Projected lower demand for electricity reduces the need for utilities to borrow in order to build new capacity, so leverage is unlikely to significantly increase in 2015. Environmental compliance and system reliability projects will remain a major focus of new capital improvement programs, Moody's noted.
“Uncertainty about the ability of public power electric utilities to comply with proposed federal carbon rules is an evolving long-term risk to our outlook,” Moody's said.
“Our stable outlook is based on our expectations that debt-service coverage and liquidity in the industry will remain stable, supported by the ability of public power electric utilities to raise consumer rates when needed to recover the costs of generating and distributing electricity,” Moody's said.
Slow growth in demand for electricity will put pressure on utilities to raise electric rates because their fixed costs will have to be spread out over the same or a lower volume of electricity. Still, the improving domestic economy and another year of low natural-gas prices will help keep electric rate increases moderate. If needed, however, public power electric utilities will use their unregulated ability to raise rates to keep their finances stable, Moody's said.
The ratings service looked at a universe of public power companies that includes electricity generators, electricity distributors and joint action agencies, which are groups of municipal electric utilities that jointly finance electricity generation.

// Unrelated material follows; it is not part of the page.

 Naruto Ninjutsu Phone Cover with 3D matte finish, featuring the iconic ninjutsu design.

Moody's expects the economy to expand about 3% next year, up from about 2% in 2014. According to the Energy Information Administration (EIA), flat to 2% demand growth will be the norm for the next two decades. This is due in part to energy efficiency programs implemented by public power electric utilities, Moody's said.
But slower demand growth will also reduce the need for utilities to borrow in order to build new generation capacity. “Against this backdrop, debt ratios for 18 of the largest 20 U.S. public power electric utilities with generation ownership fell between 2010 and 2013, the latest data available,” Moody's said.

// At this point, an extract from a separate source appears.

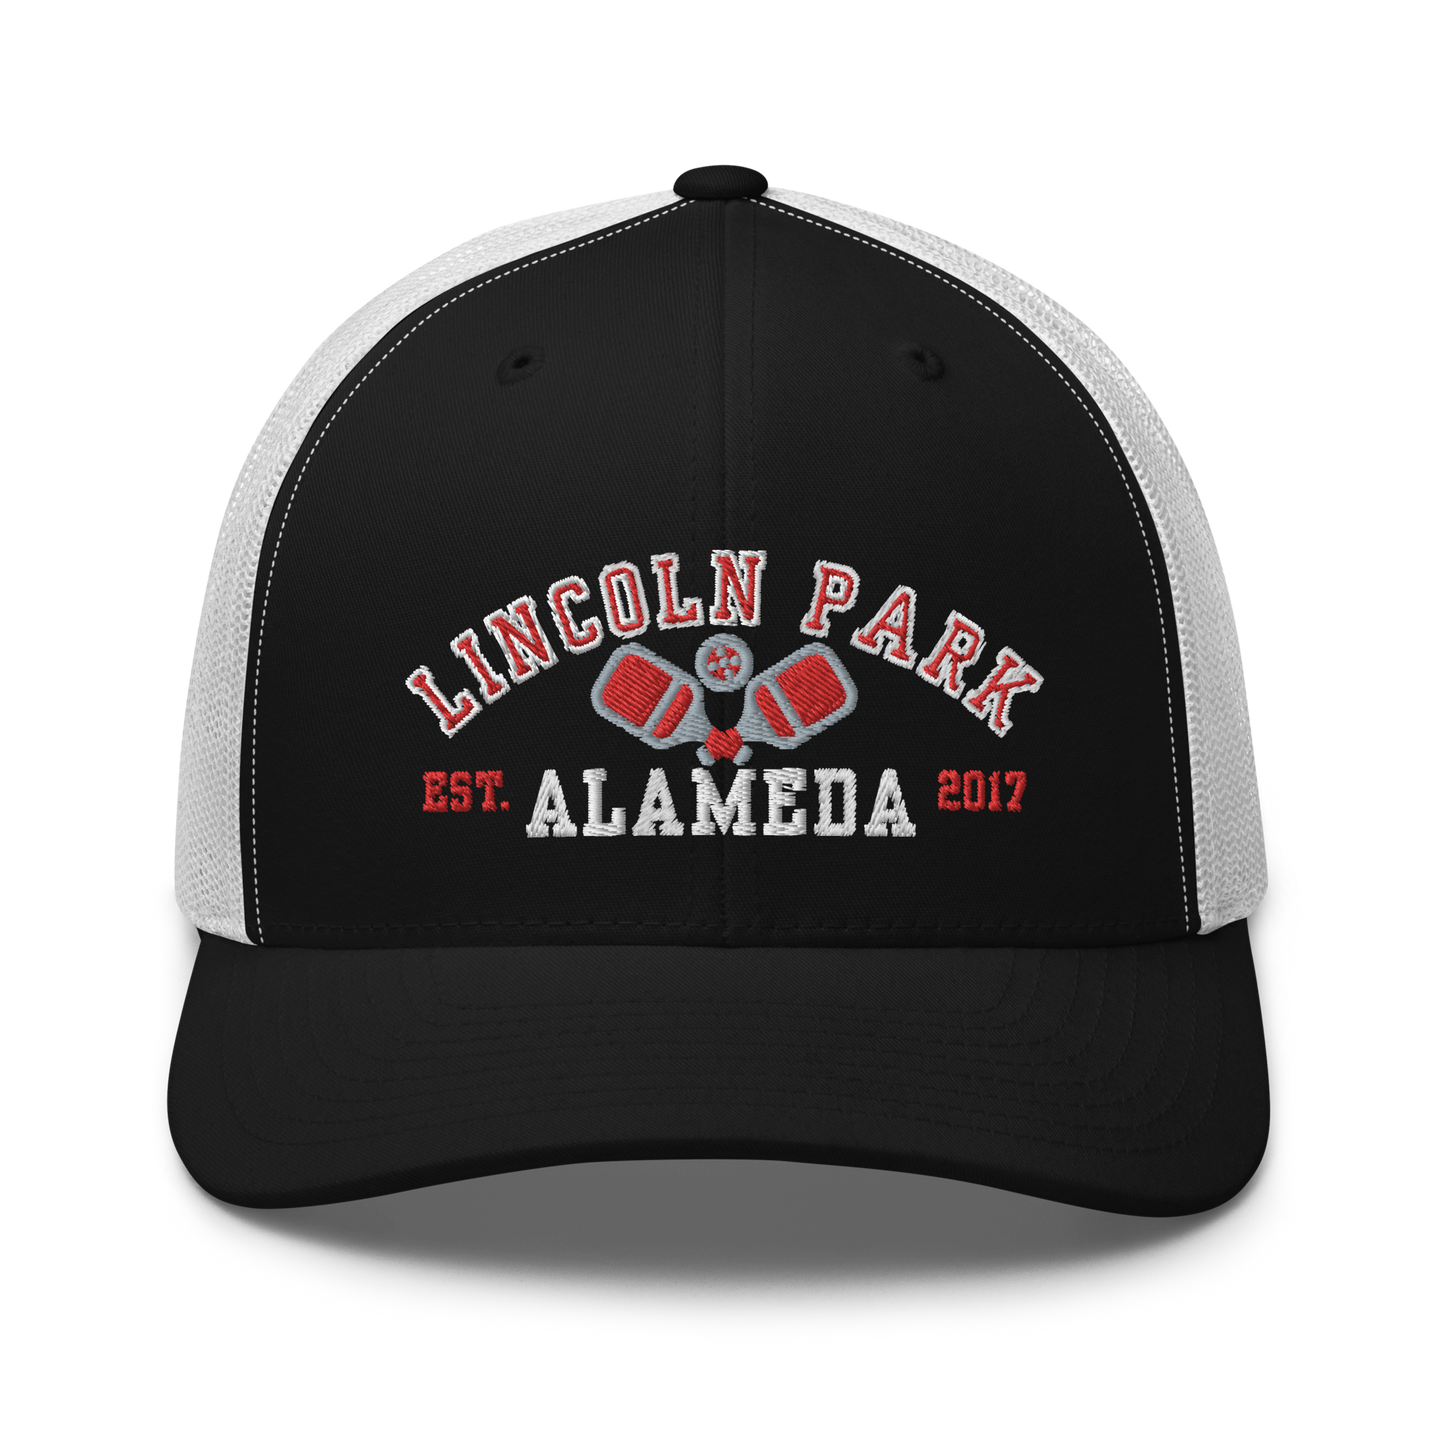 Alameda Pickleball CrossPaddles Solid - Retro Trucker Hat (Yupoong) MJ 239

“Still, slower growth in electricity demand and the transition to cleaner energy are risks for public power companies,” Moody's said. For example, Santee Cooper (officially known as South Carolina Public Service Authority) is a case in point. Santee Cooper has a 45% ownership stake in the V.C. Summer 2 and 3 nuclear units.
“Causes of lower demand include the impact of the national recession on South Carolina and an agreement with a co-operative to allow it to transition a portion of its power supply needs to another supplier over a six-year period. Santee Cooper is implementing strategies to mitigate the significant excess capacity when the units begin their commercial operation,” Moody's said.
Moody's also notes that California's municipal electric utilities are on track to supply 33% of retail power with renewable energy sources by 2020, thereby reducing the utilities' carbon exposure. “Questions remain about whether the transmission grid can manage the intermittent energy supply of solar and wind power and whether costs are affordable,” Moody's said.